▶ Given entries

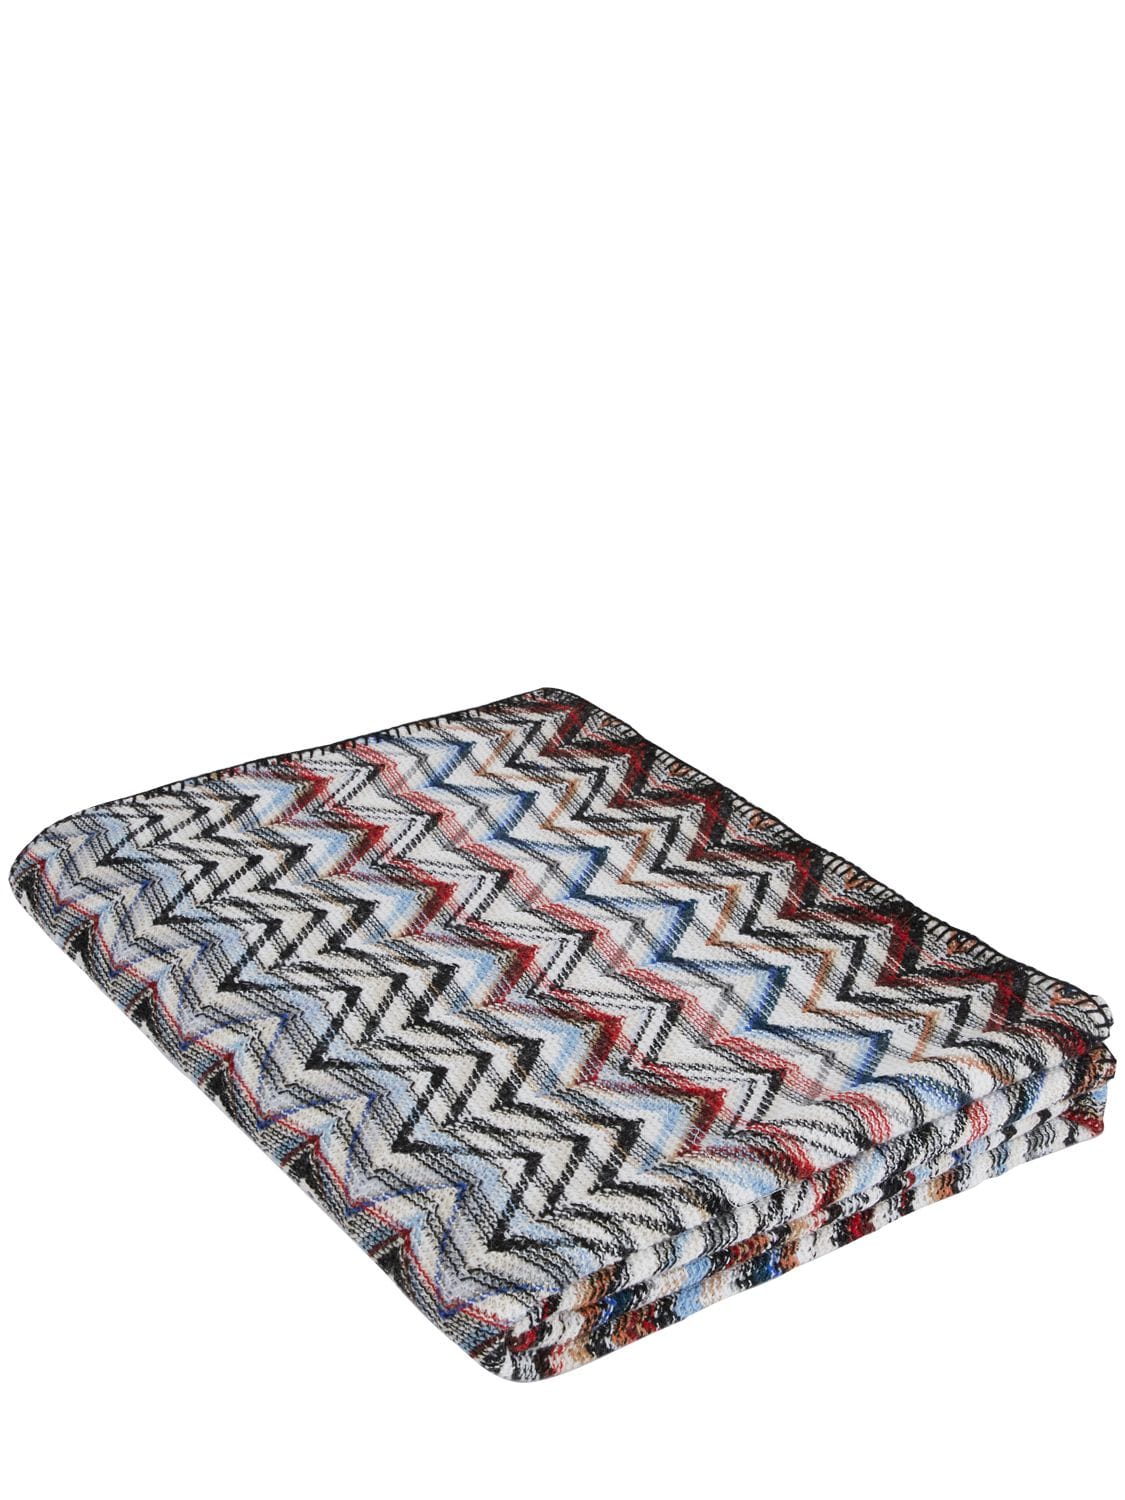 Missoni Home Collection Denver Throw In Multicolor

--

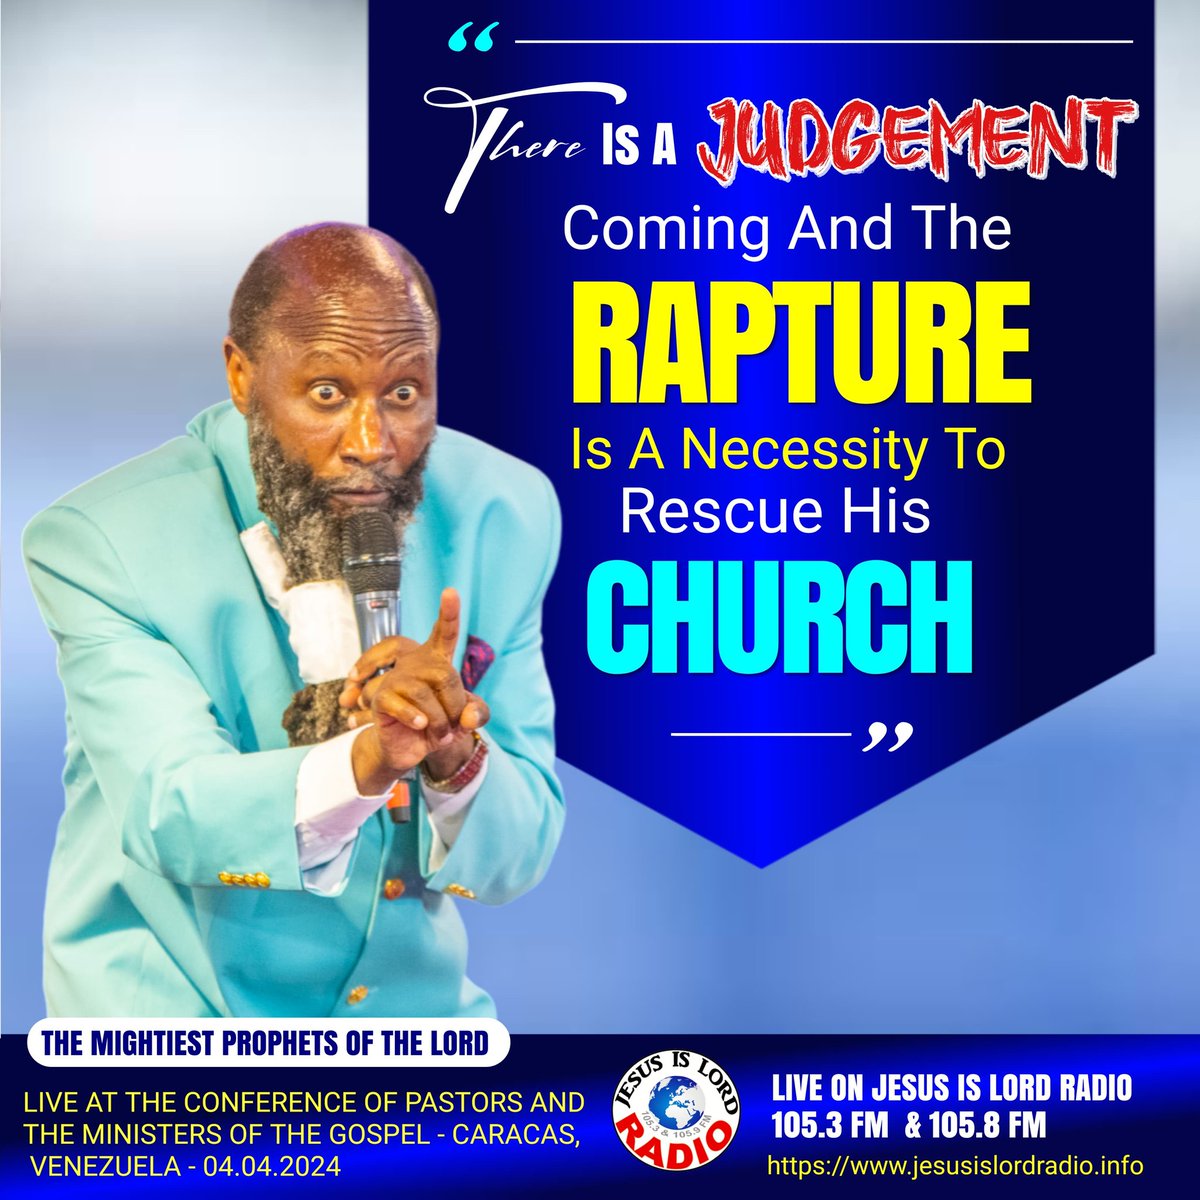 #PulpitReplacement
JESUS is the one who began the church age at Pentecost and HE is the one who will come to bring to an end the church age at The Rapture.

---

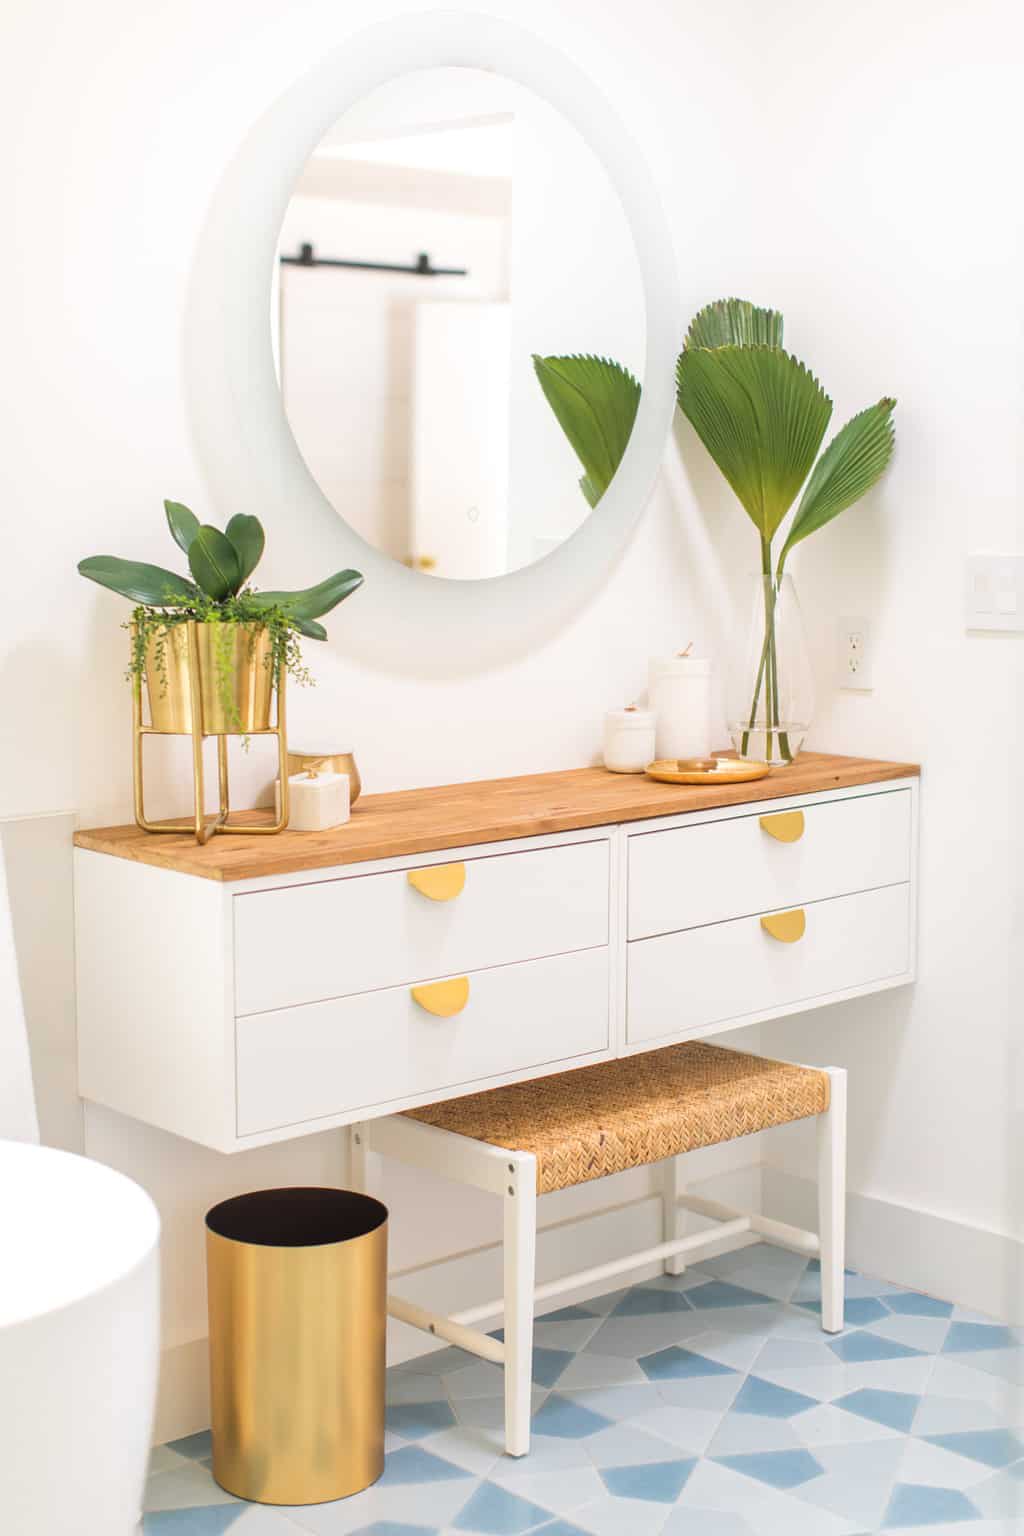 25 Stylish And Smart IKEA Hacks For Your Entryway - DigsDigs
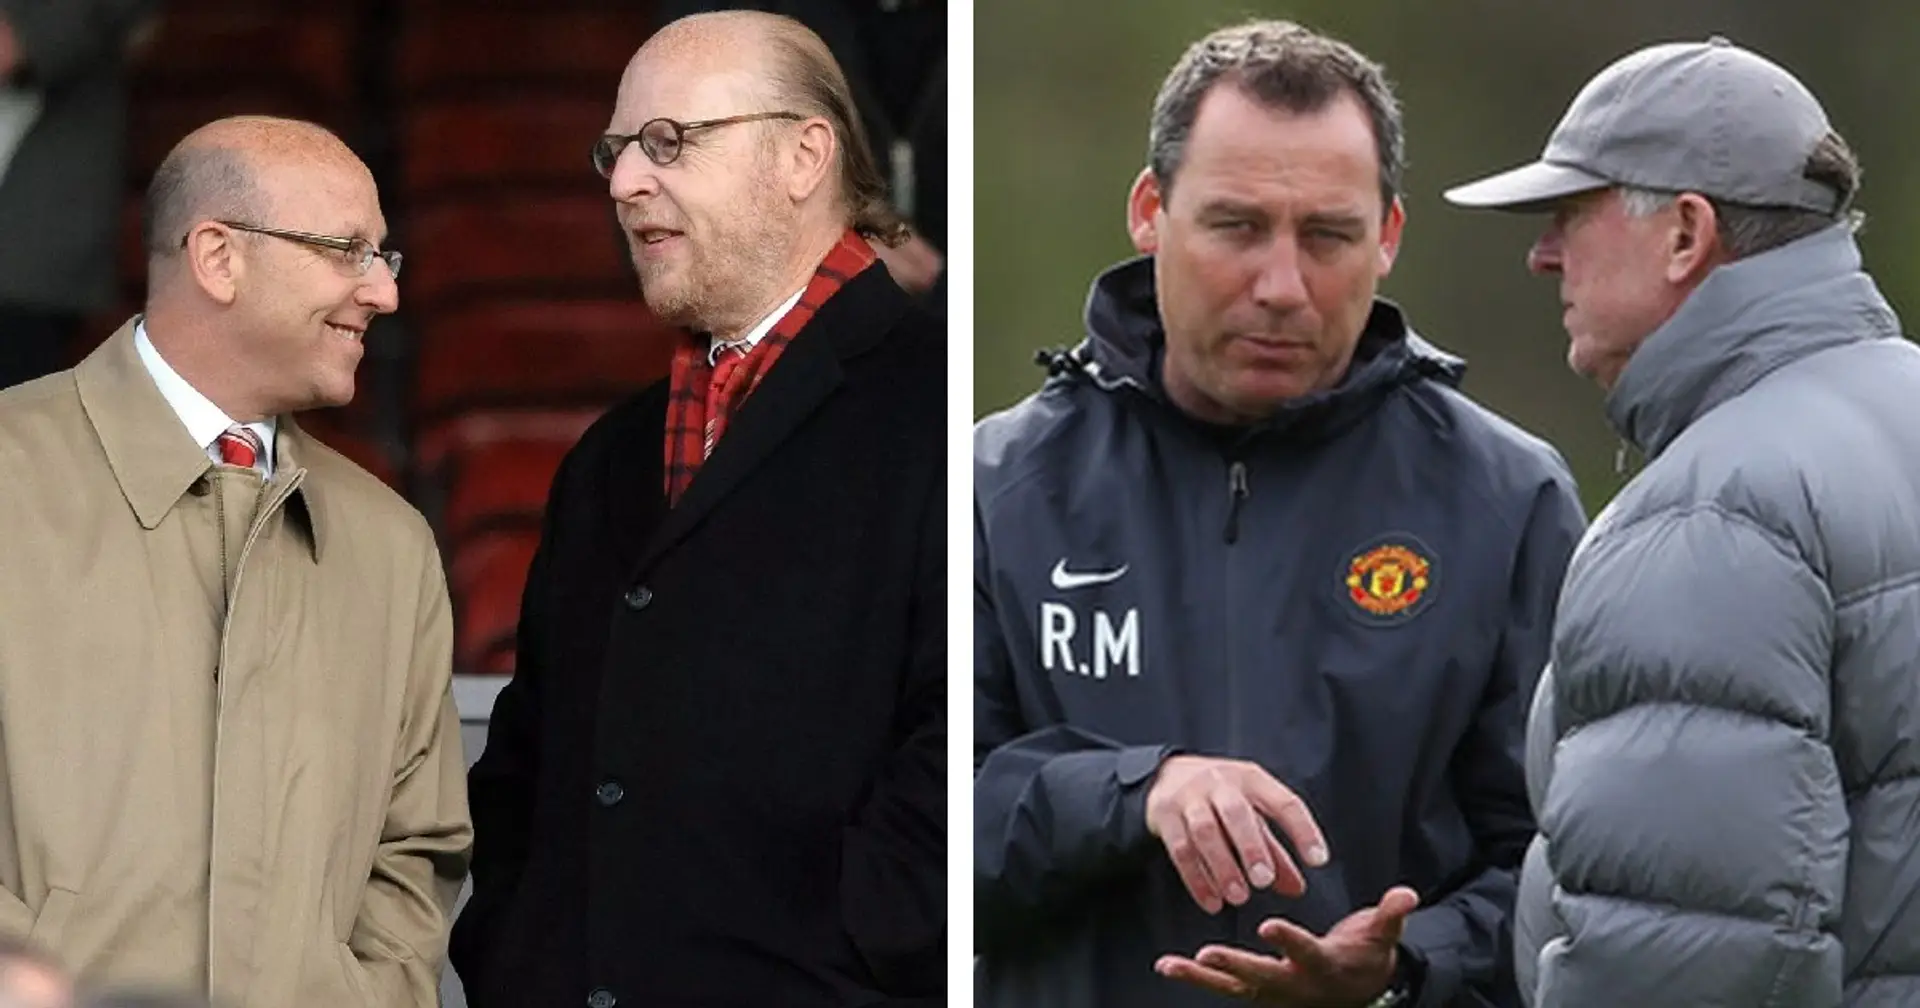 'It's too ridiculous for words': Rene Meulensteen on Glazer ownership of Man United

▶ Problem details
In the listing above, find the line containing "#PulpitReplacement" and the line containing "JESUS is the", then print exactly those two lines and every line between them, minus the pictures.

▶ Answer section
 #PulpitReplacement
JESUS is the one who began the church age at Pentecost and HE is the one who will come to bring to an end the church age at The Rapture.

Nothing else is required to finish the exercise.